* **Extracted records**:
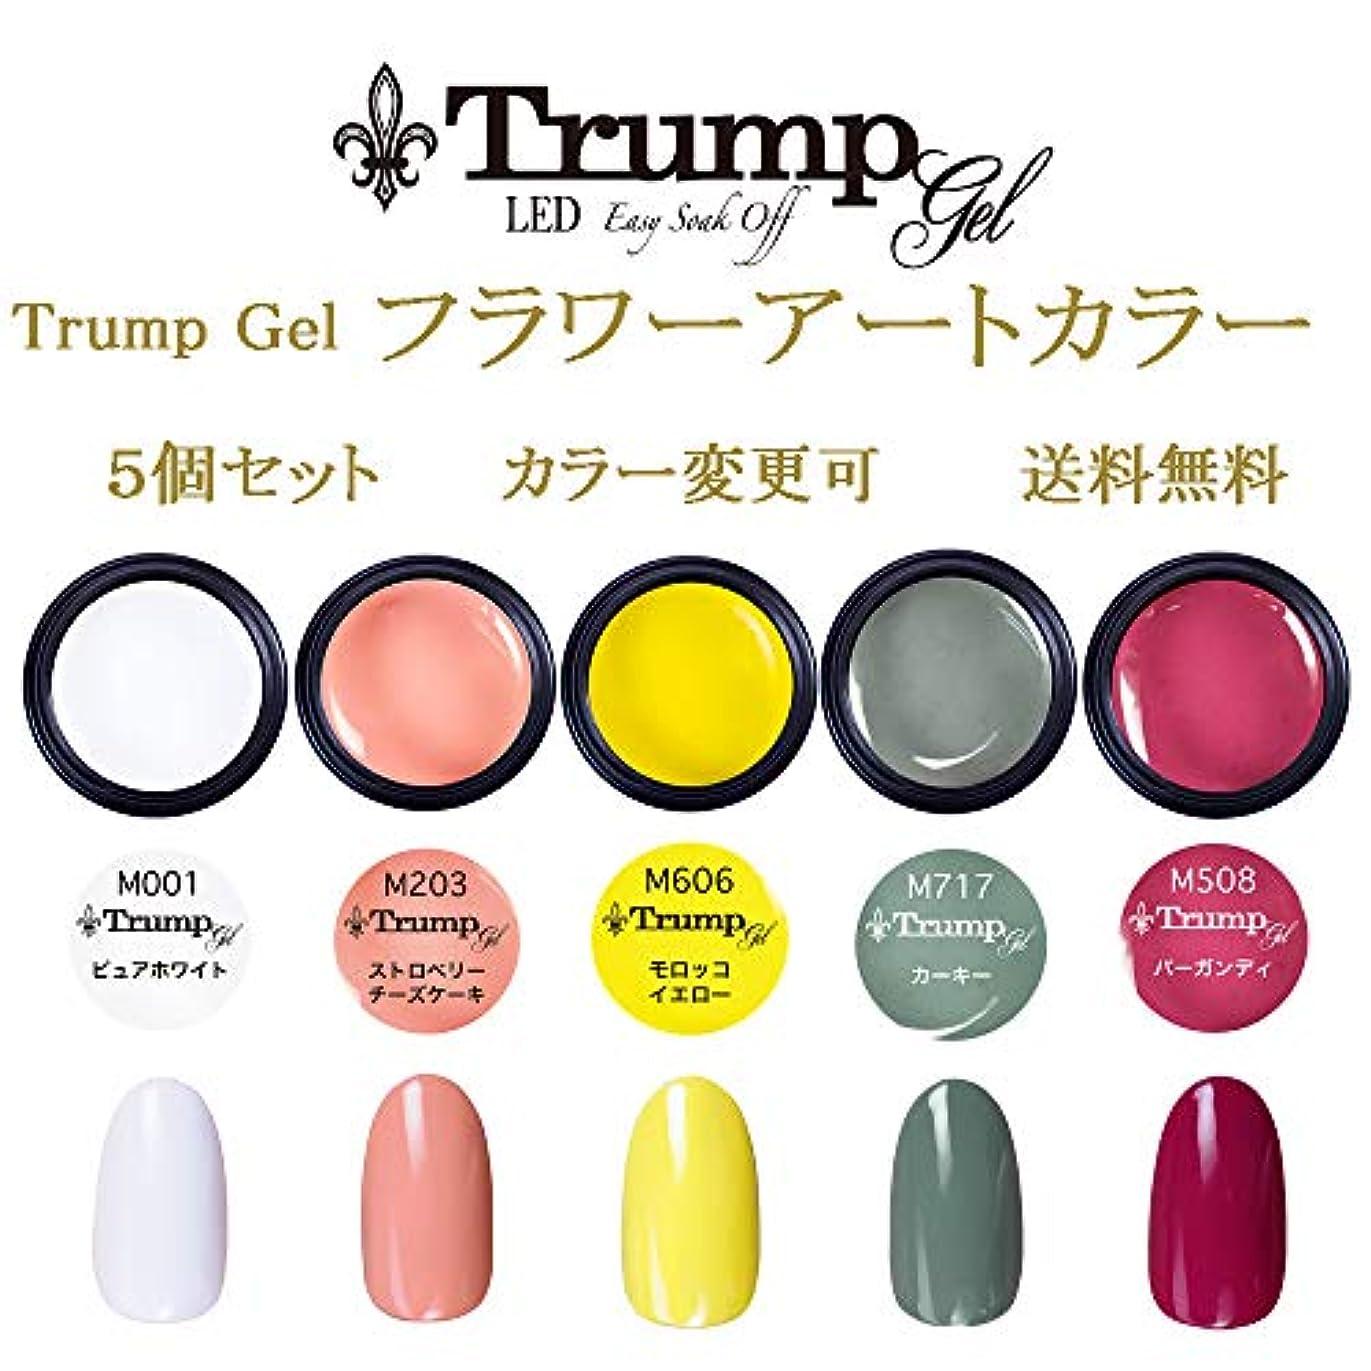 有限に対処するマラドロイト【送料無料】Trumpフラワーアートカラー選べる カラージェル5個セット
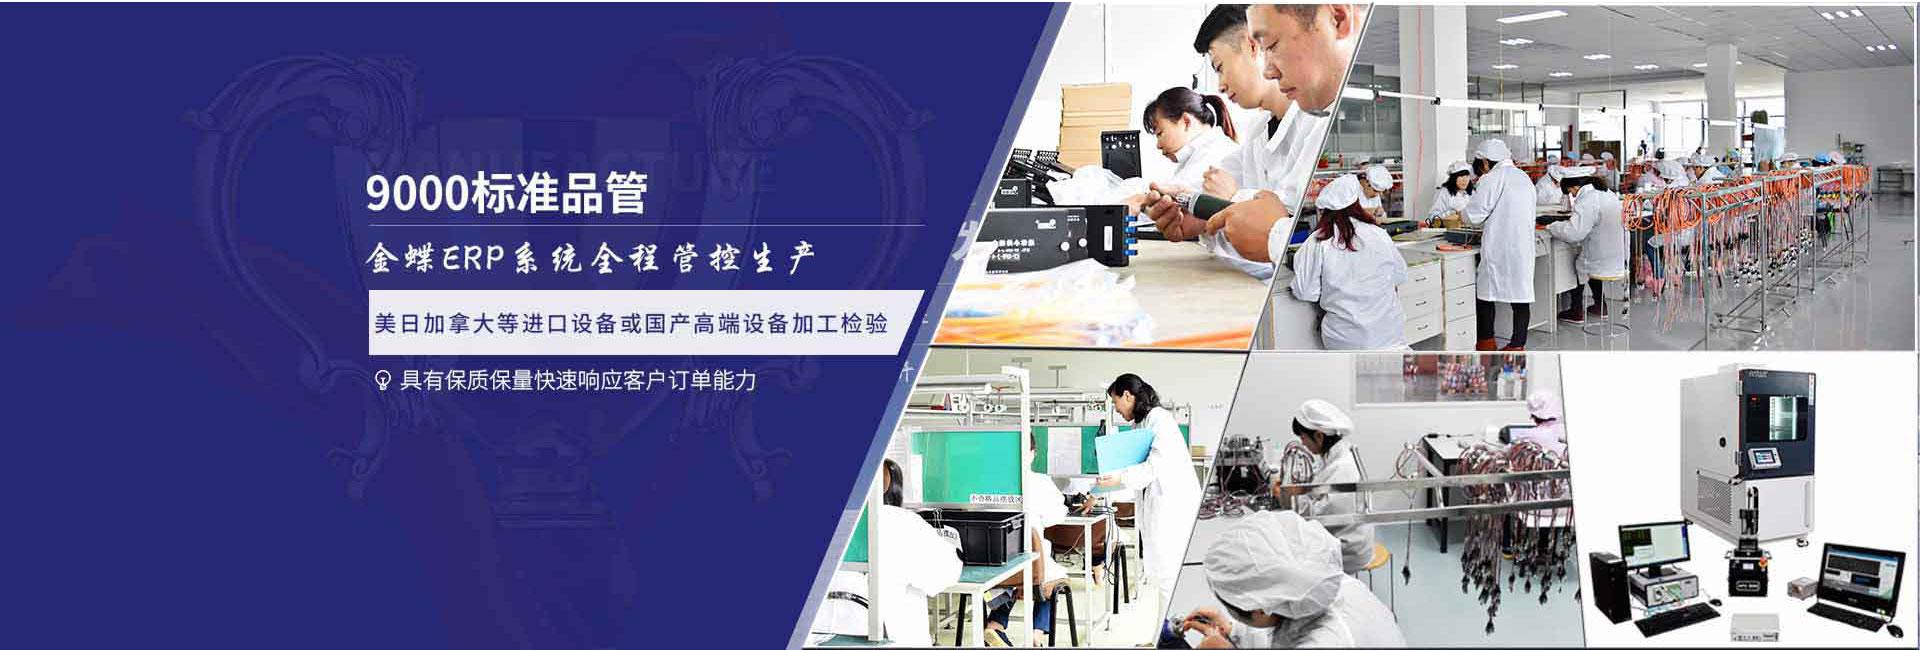 科羿康9000标准品管 金蝶ERP系统全程管控生产
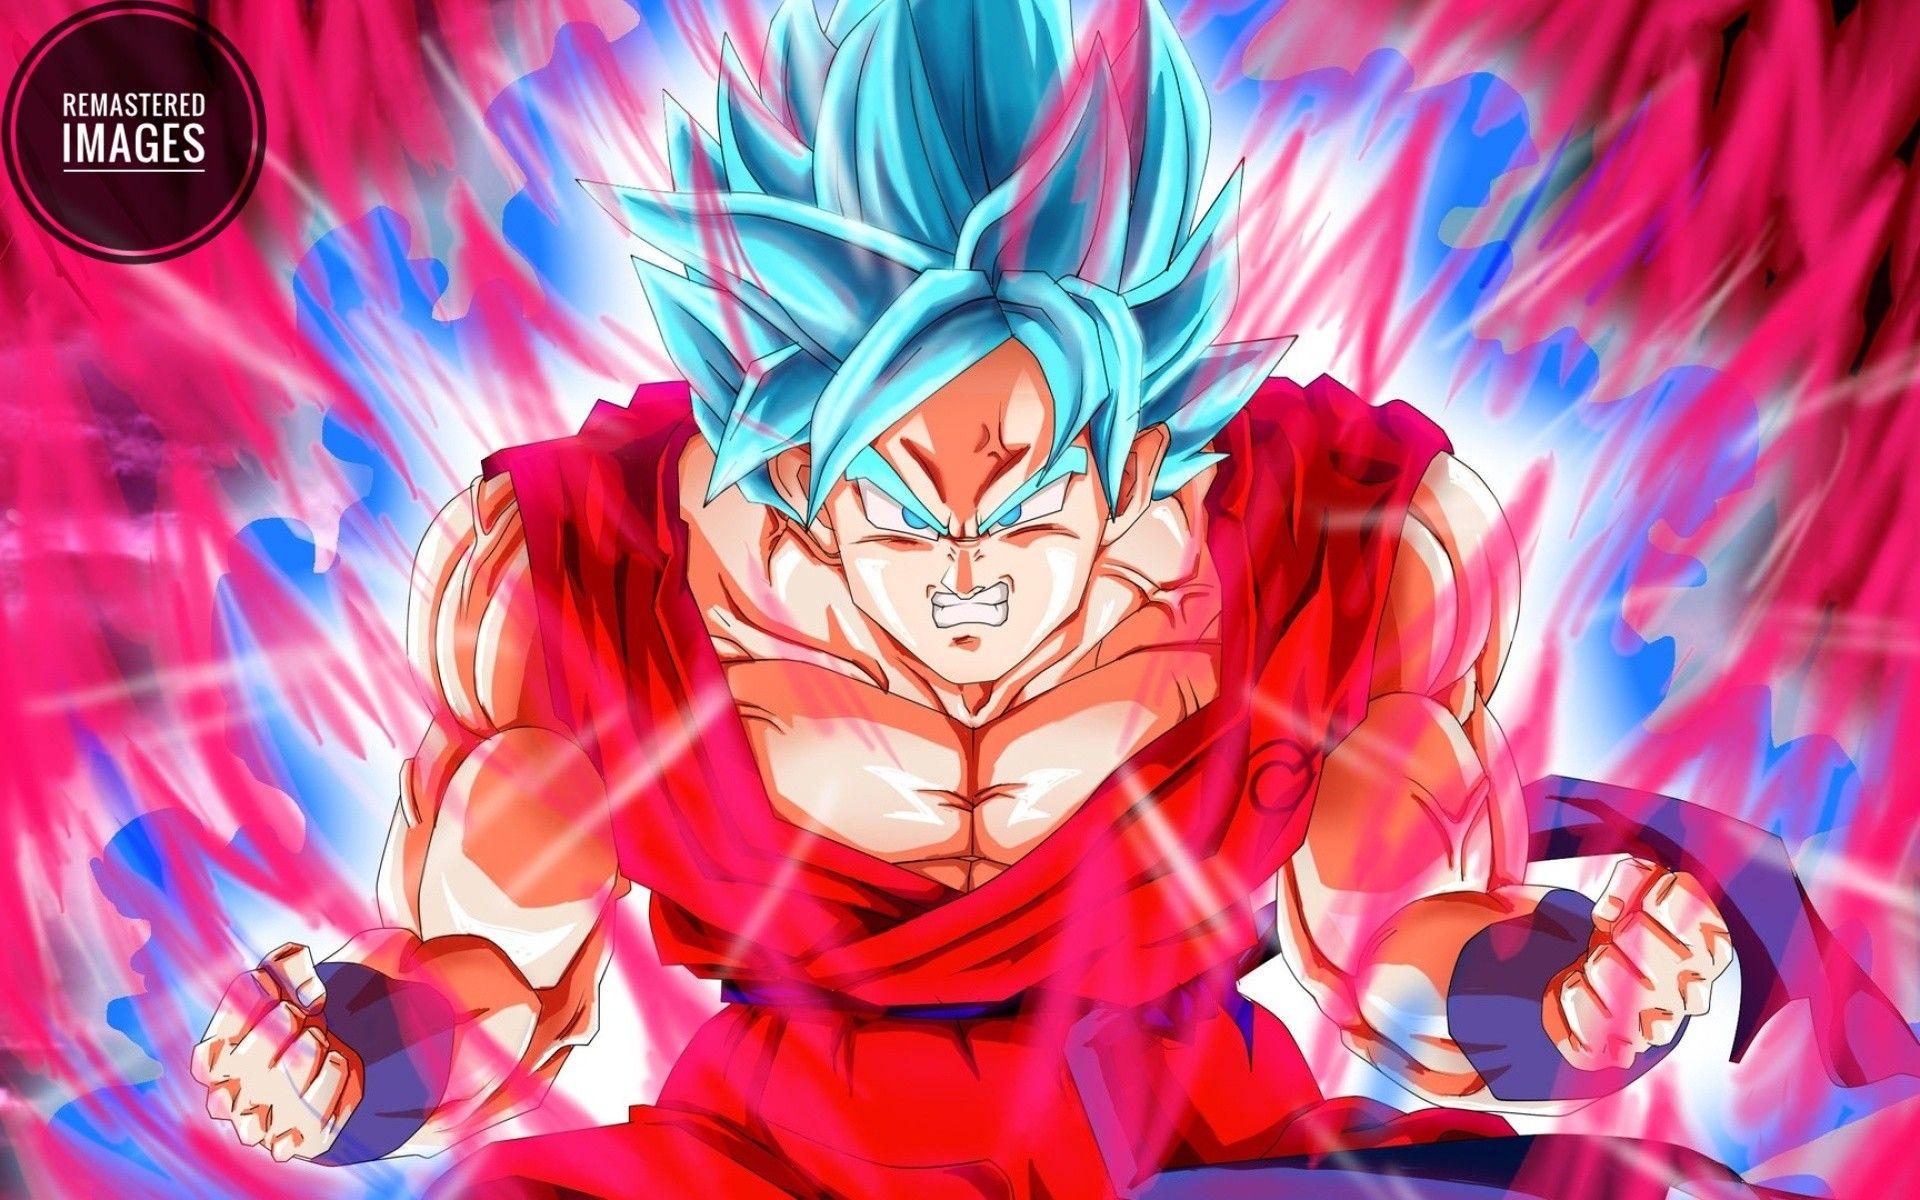 Goku ssj Blue Kaioken Super saiyan blue kaioken Goku super 1920x1200
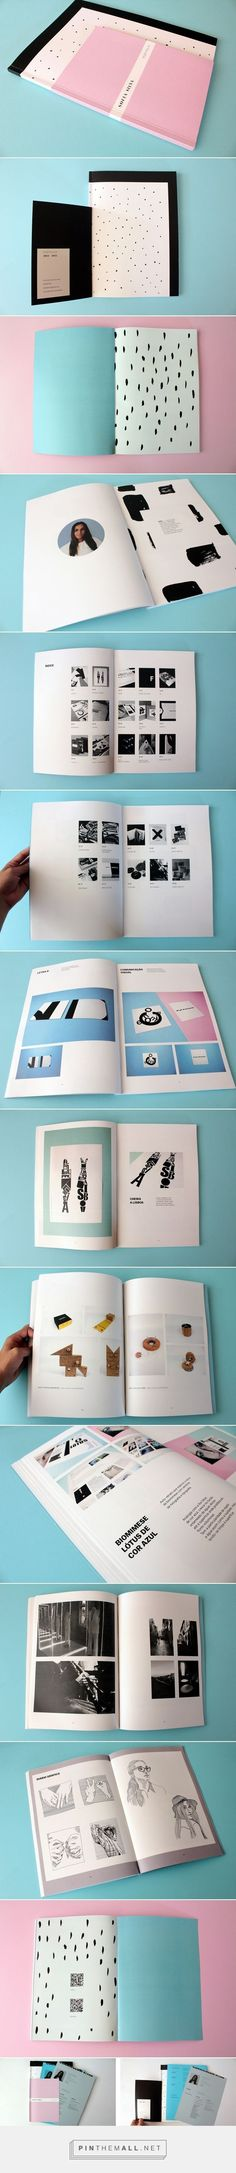 Portfolio & CV design
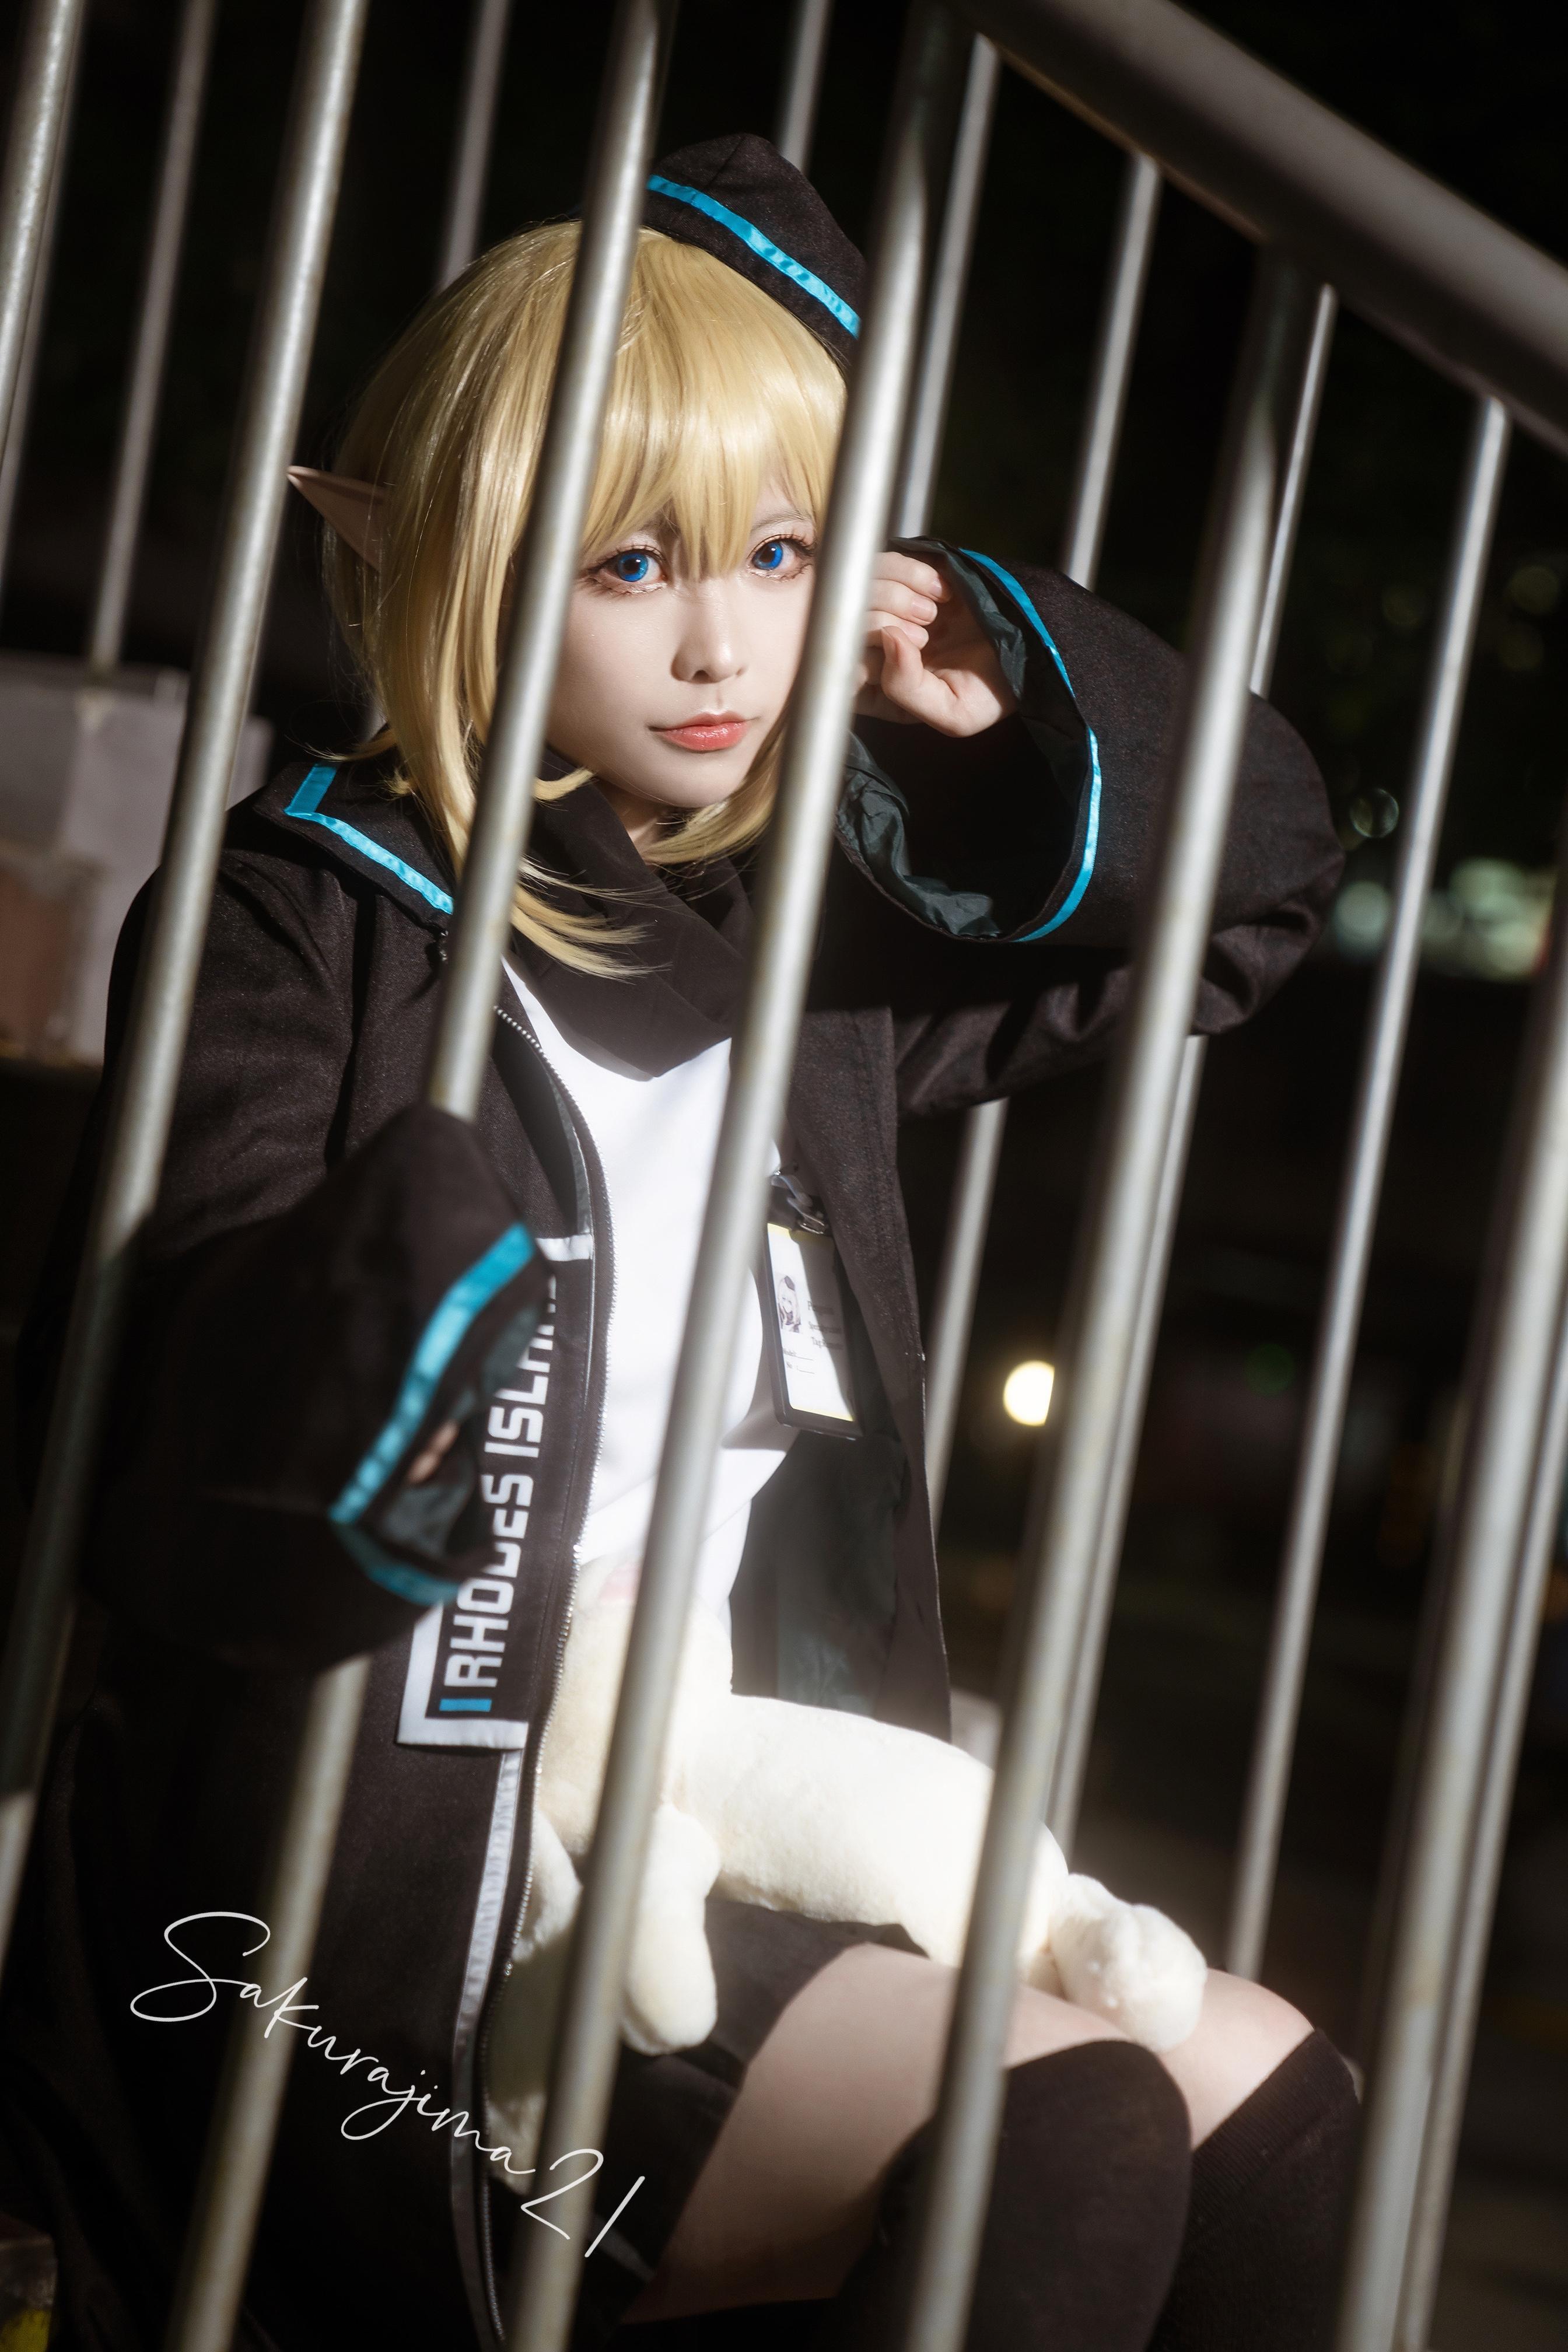 《明日方舟》正片cosplay【CN:樱岛嗷一】 -求这张cosplay图片的出处插图

* **Work task**: Each of the records above needs to be transcribed exactly, apart from its pictures.

* **Answer for the task**:
 有限に対処するマラドロイト【送料無料】Trumpフラワーアートカラー選べる カラージェル5個セット
 科羿康9000标准品管 金蝶ERP系统全程管控生产
 Goku ssj Blue Kaioken Super saiyan blue kaioken Goku super 1920x1200
 Portfolio & CV design
 《明日方舟》正片cosplay【CN:樱岛嗷一】 -求这张cosplay图片的出处插图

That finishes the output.